Это сделал нэпман-лабазник Столярский. Толстый и рыхлый, как тесто, со свиными маленькими глазками и капризным женским ртом, он и раньше удивлял Егора Ильича отличными белыми зубами; казалось, что у него не тридцать два зуба, а все шестьдесят четыре. Вот он и вцепился этими зубами в руку Егора Ильича, когда Сузун с группой чекистов нашел у него контрабандное золото.

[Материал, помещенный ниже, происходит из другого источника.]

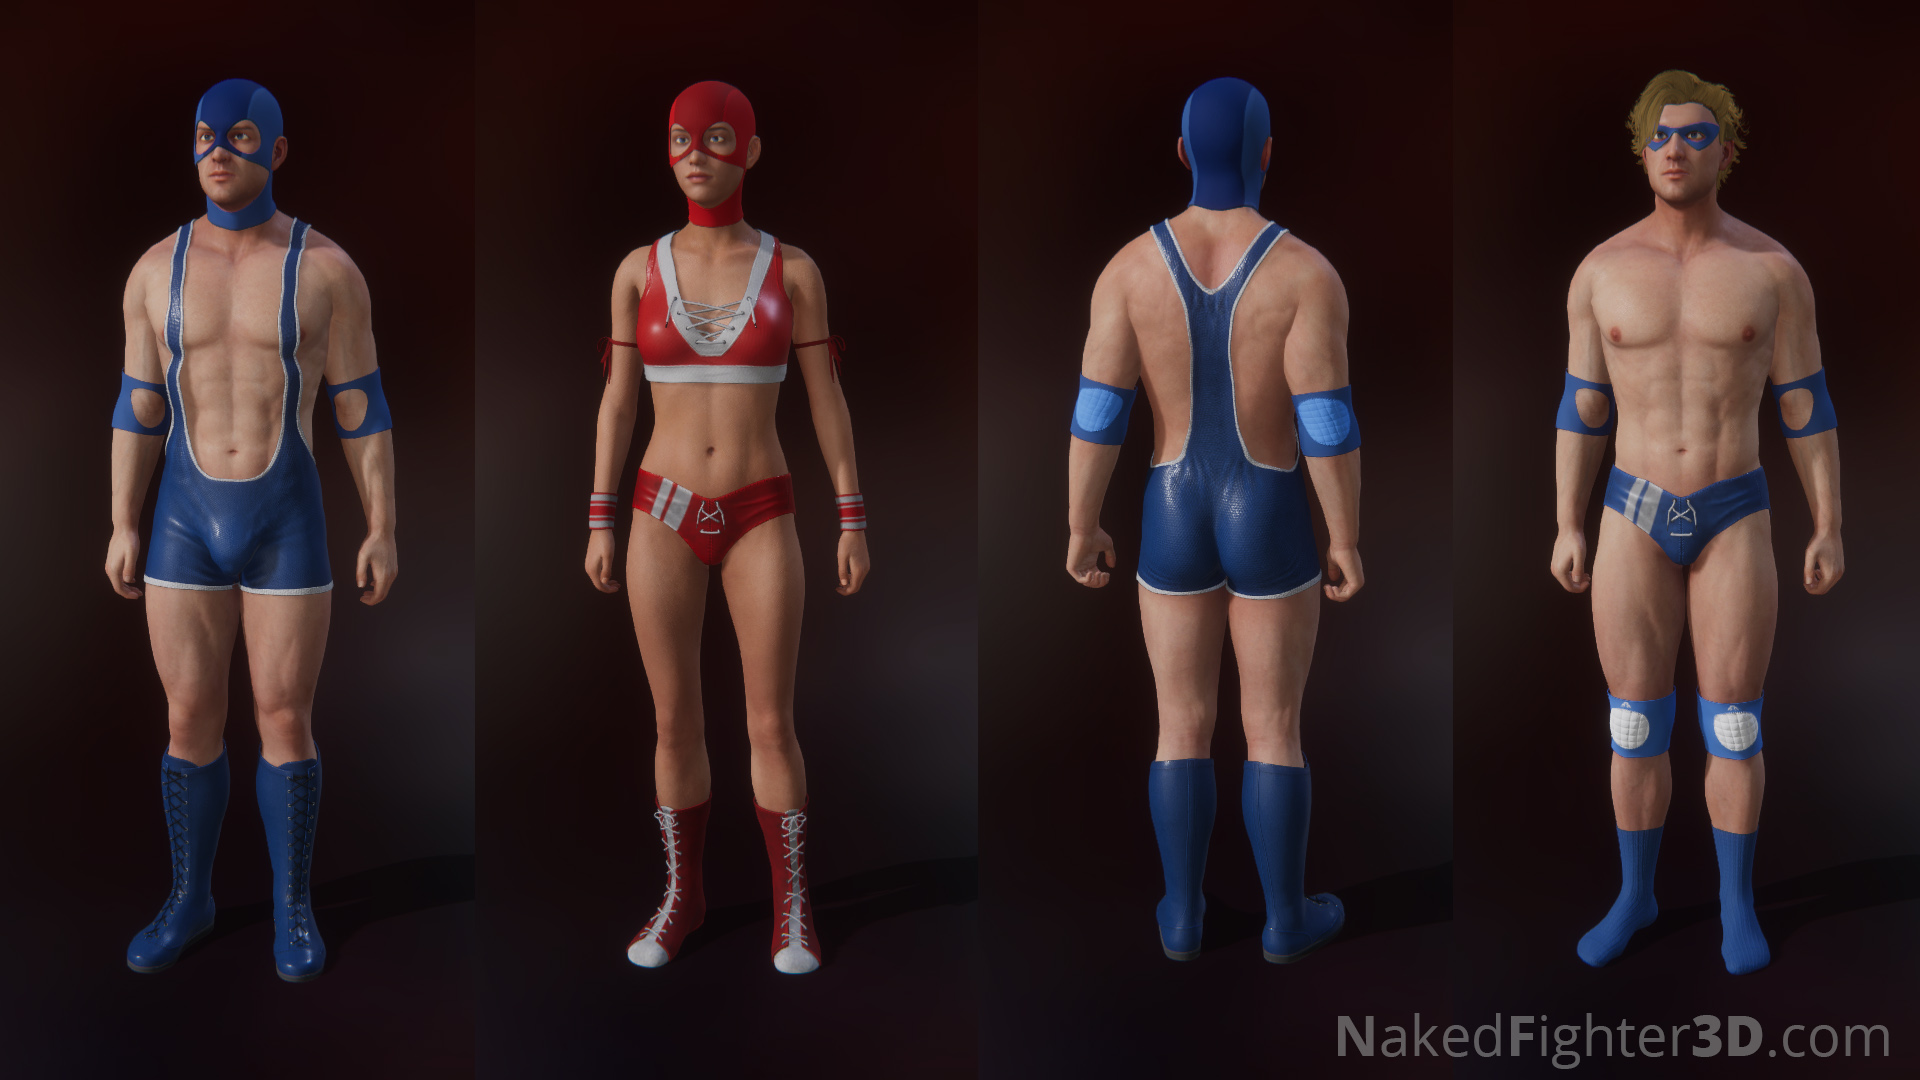 Big Update Is Coming In A Few Days Naked Fighter 3d By Nakedfighter3d 7266
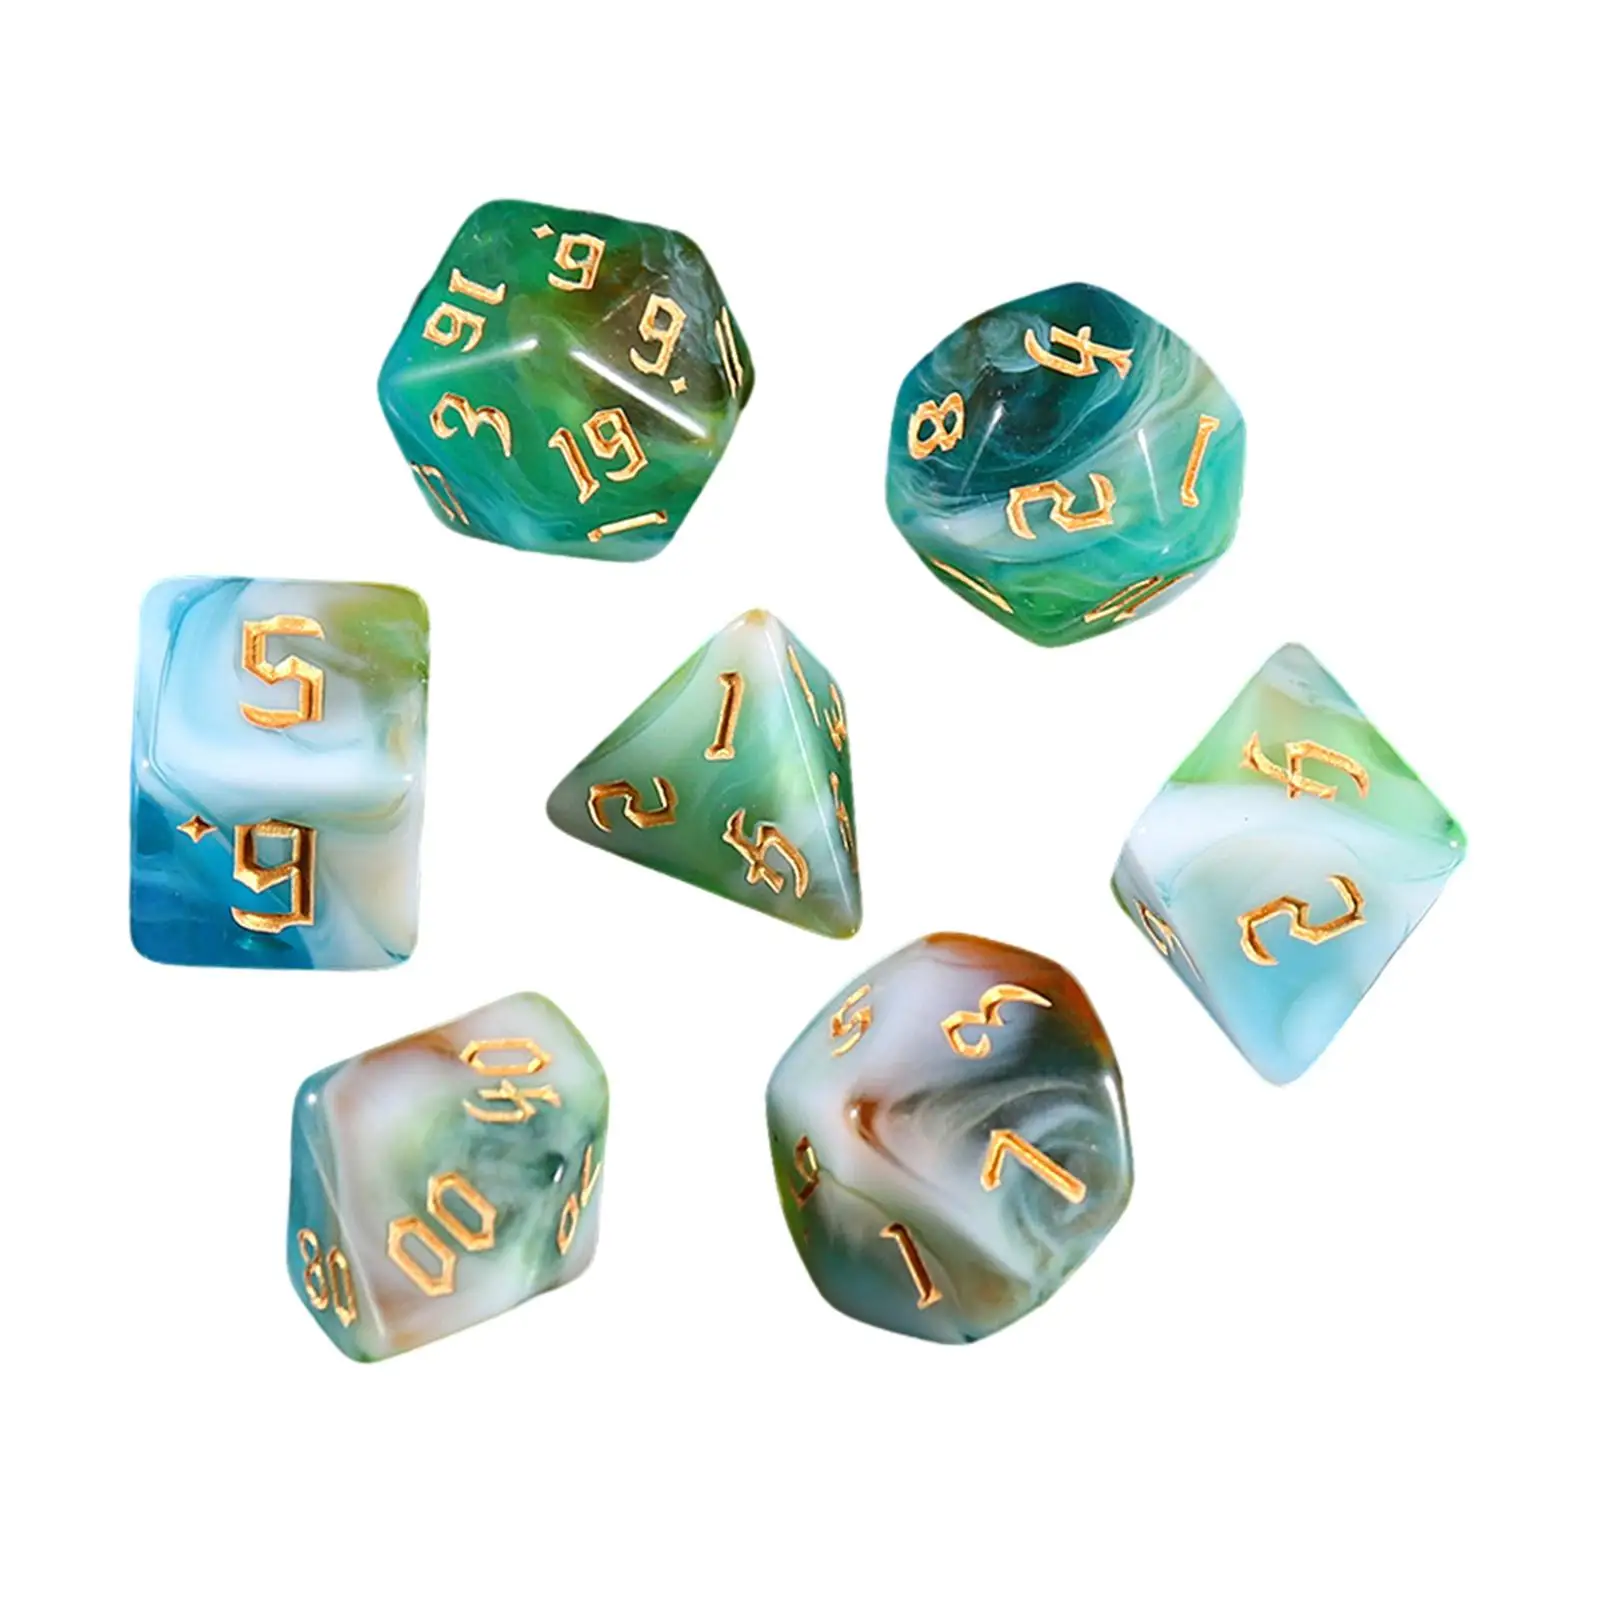 7x Multi Sided Dices Table Games Party Toys Acrylic Dices D4 D8 D10 D12 D20 Dices for RPG Role Playing Teaching Card Games

Несмотря на оглушающую боль, Егору Ильичу сделалось смешно – левой рукой он сдавил горло Столярскому, пытался отодрать его, не смог сделать этого и коротко хохотнул: нэпман походил на бульдога.
Шутливое настроение Егора Ильича прошло через минуту, так как из каменных лабазов повыскакивали трое молодцов Столярского и открыли пальбу из новеньких английских винтовок. Ударом в висок Егор Ильич уложил Столярского в пыль, отпрыгнув, спрятался за бочку и, старательно целясь, открыл огонь из старенького «смит-вессона». Лабазники оказались трусами – отстреливаясь, они не наступали, а отступали и все ж таки ранили в ногу помощника Егора Ильича. Их взяли живьем в уголке лабаза – выставив стволы винтовок, они от страха перестали стрелять.
Егор Ильич домой вернулся под вечер. Было еще довольно светло, небо бордовилось, сквозные розовые облака стояли неподвижно, как привязанные. Егора Ильича вдруг охватила усталость, он повалился на скамеечку возле своего дома и закрыл глаза – в них плыли искорки и вставали картины недавней схватки. Потом Егор Ильич вынул револьвер из кобуры, крутанув барабан, выбросил на землю гильзы.
Он уже умылся, переоделся и сел к окну с учебником английского языка, когда к калитке его дома важной утиной походкой пришел соседский мальчишка Федька – шлялся целый день по городу в поисках пропитания, дотошный черт, нажрался верно-таки и вот присел отдыхать, выставив вперед круглое пузцо. У Федьки были белые, как моченая конопля, волосы, нос со здоровенными норками и босые ноги, на которых большие пальцы задорно торчали – ну вот буквально стояли торчком!